Frente a lo verdadero (la persona, lo oculto), lo falso (el disfraz, la apariencia). La máscara se pone encima de la cara, ocultándola, inmovilizando el gesto, congelando la expresión emocional. Este es el sentido del español careta, que ha dado lugar a eso de careto, y de ahí a lo de morro y a expresiones como “tener mucha cara o mucho morro”, “caradura”, o el hiperbólico “un morro que se lo pisa”, o “más cara que espalda” (más cara, máscara… ¿es cara, es caro llevar máscara?)

La etimología, hete aquí que nos plantea un problema filosófico: ¿se oponen máscara y persona, son lo mismo, o no existe lo uno sin lo otro? Es posible que las tres cosas, y a la vez, sean verdad: somos máscaras (la apariencia es lo real, no hay ninguna esencia debajo de la máscara), somos personas (lo que ocultamos es nuestra verdadera esencia) y somos las dos cosas a la vez: máscara (pura apariencia) y persona (lo que sostiene a la máscara, lo que le da la forma).

Por un lado queremos ser nosotros mismos, permanecer, que los demás nos reconozcan como somos, no vivir bajo la tensión de tener que ocultar nuestros deseos más profundos, no tener que mentir, no tener que falsear o aparentar ser lo que no sentimos o no queremos ser. Pero, por otro lado, nos gustaría ser de otro modo, ser mejores (o peores), tener mejor apariencia, impresionar, atraer más a los demás, ser más inteligentes, más ricos, ocupar un lugar social más elevado, etc.

La máscara social no es algo accesorio, sino esencial, pues la sociedad se basa en la construcción y aceptación de “roles”, “papeles”, “funciones”, que hacen posible las relaciones sociales. Máscara no siempre es sinónimo de engaño o mentira. La máscara se puede usar para mentir y engañar, pero también para superar nuestras limitaciones, incluso nuestra timidez.

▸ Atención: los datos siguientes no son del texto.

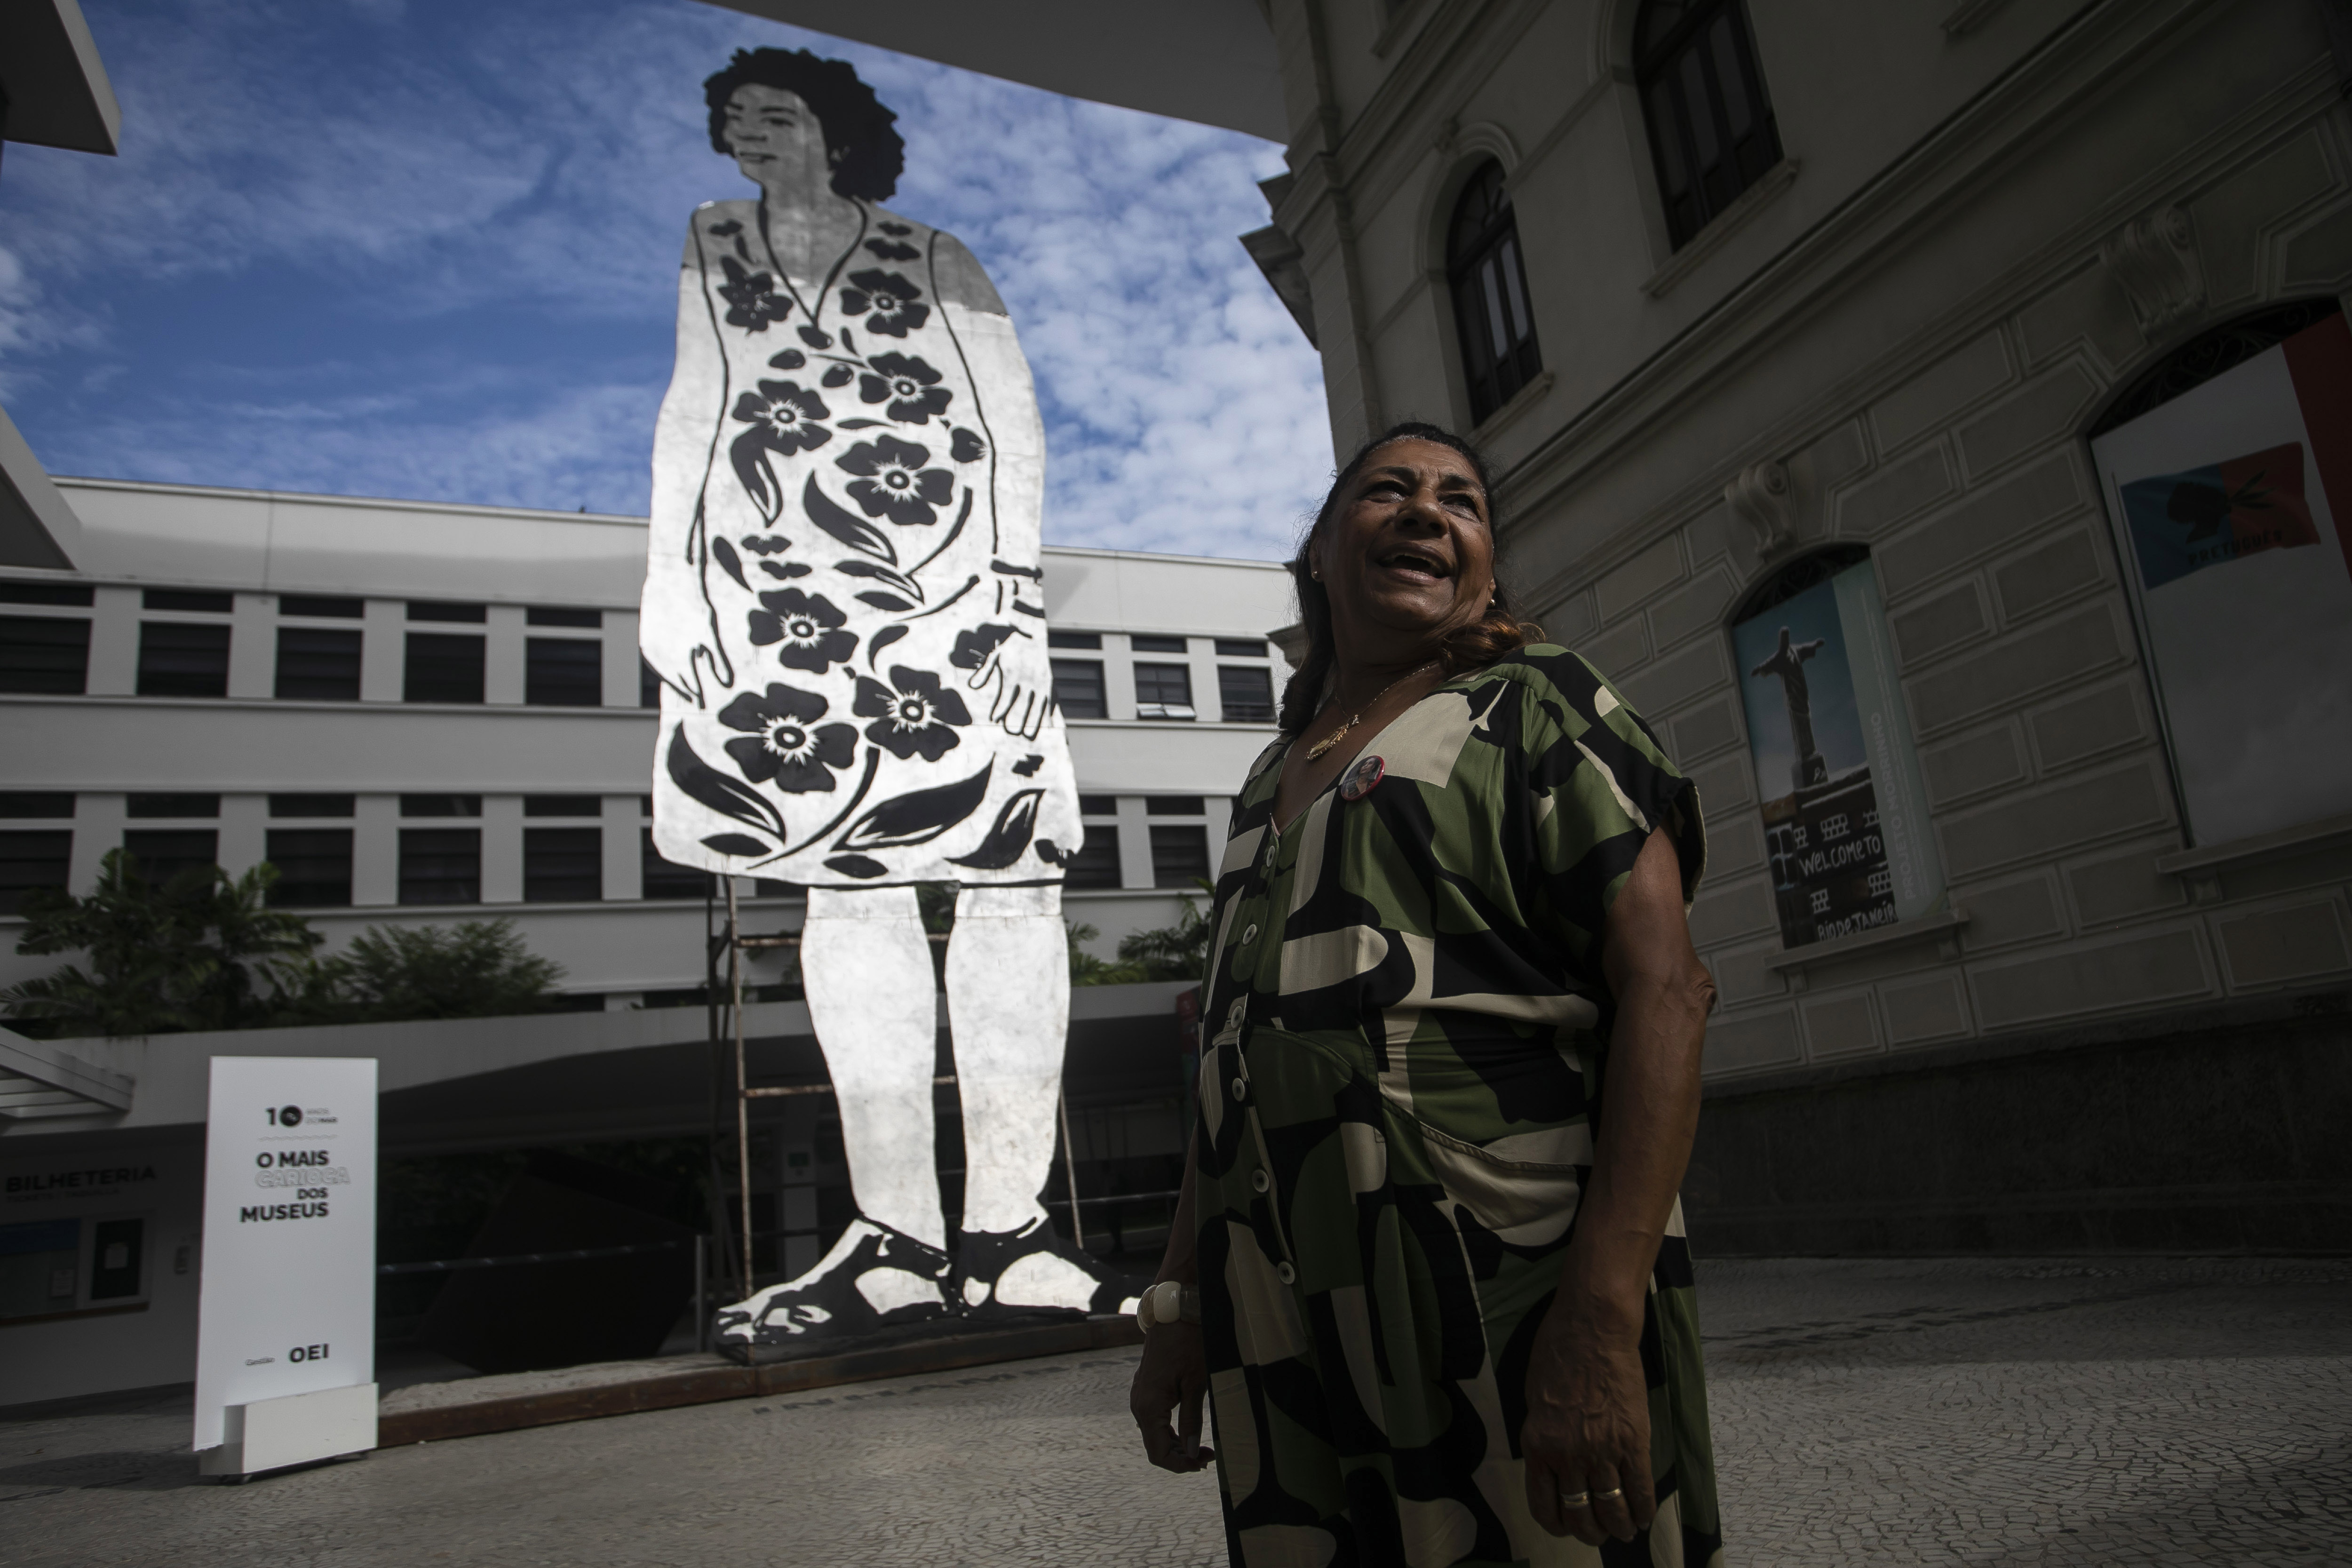 Marinette da Silva, madre de la concejal asesinada Marielle Franco, de pie junto a un cartón enorme que muestra a Franco, durante un tributo para conmemorar el 5to aniversario de su asesinato, en el Museo de Arte de Río de Janeiro, el martes 14 de marzo de 2023. (AP Foto/Bruna Prado)

Lo peor es quedar encerrado en una sola máscara, querer ser tanto uno mismo que acaba uno siendo sólo la máscara de sí mismo. Como dijo Pessoa:
Quando quis tirar a máscara, / estaba pegada à cara.

No somos un yo, una esencia inmutable, sino una apariencia de yo, que necesita manifestarse, ser o presentarse ante los demás y ante sí mismo de muchas y muy diferentes maneras. Lo que importa no es llevar o no llevar máscara, ser esto o lo otro, sino el que cada uno construya sus propias máscaras, no vaya a comprarlas al mercado social o intente ponerse la máscara de otro.

(La peor máscara es la del caradura, el que la tiene de "cemento armado", la del político corrupto, la del psicópata que se instala en los consejos de administración, en los comités centrales, en las sedes arzobispales, las tertulias radiofónicas y televisivas, los medios de comunicación, etc. Los tenemos todo el día ante los ojos, a montones, y no paran de darnos lecciones de honradez y sinceridad).

Somos personajes, sí, diferentes, cambiantes según delante de qué o de quién nos encontremos, pero podemos ser personajes con personalidad. Somos actores, pero podemos serlo con naturalidad, no de forma impostada, amanerada, estereotipada. Esto ya lo dijo Shakespeare.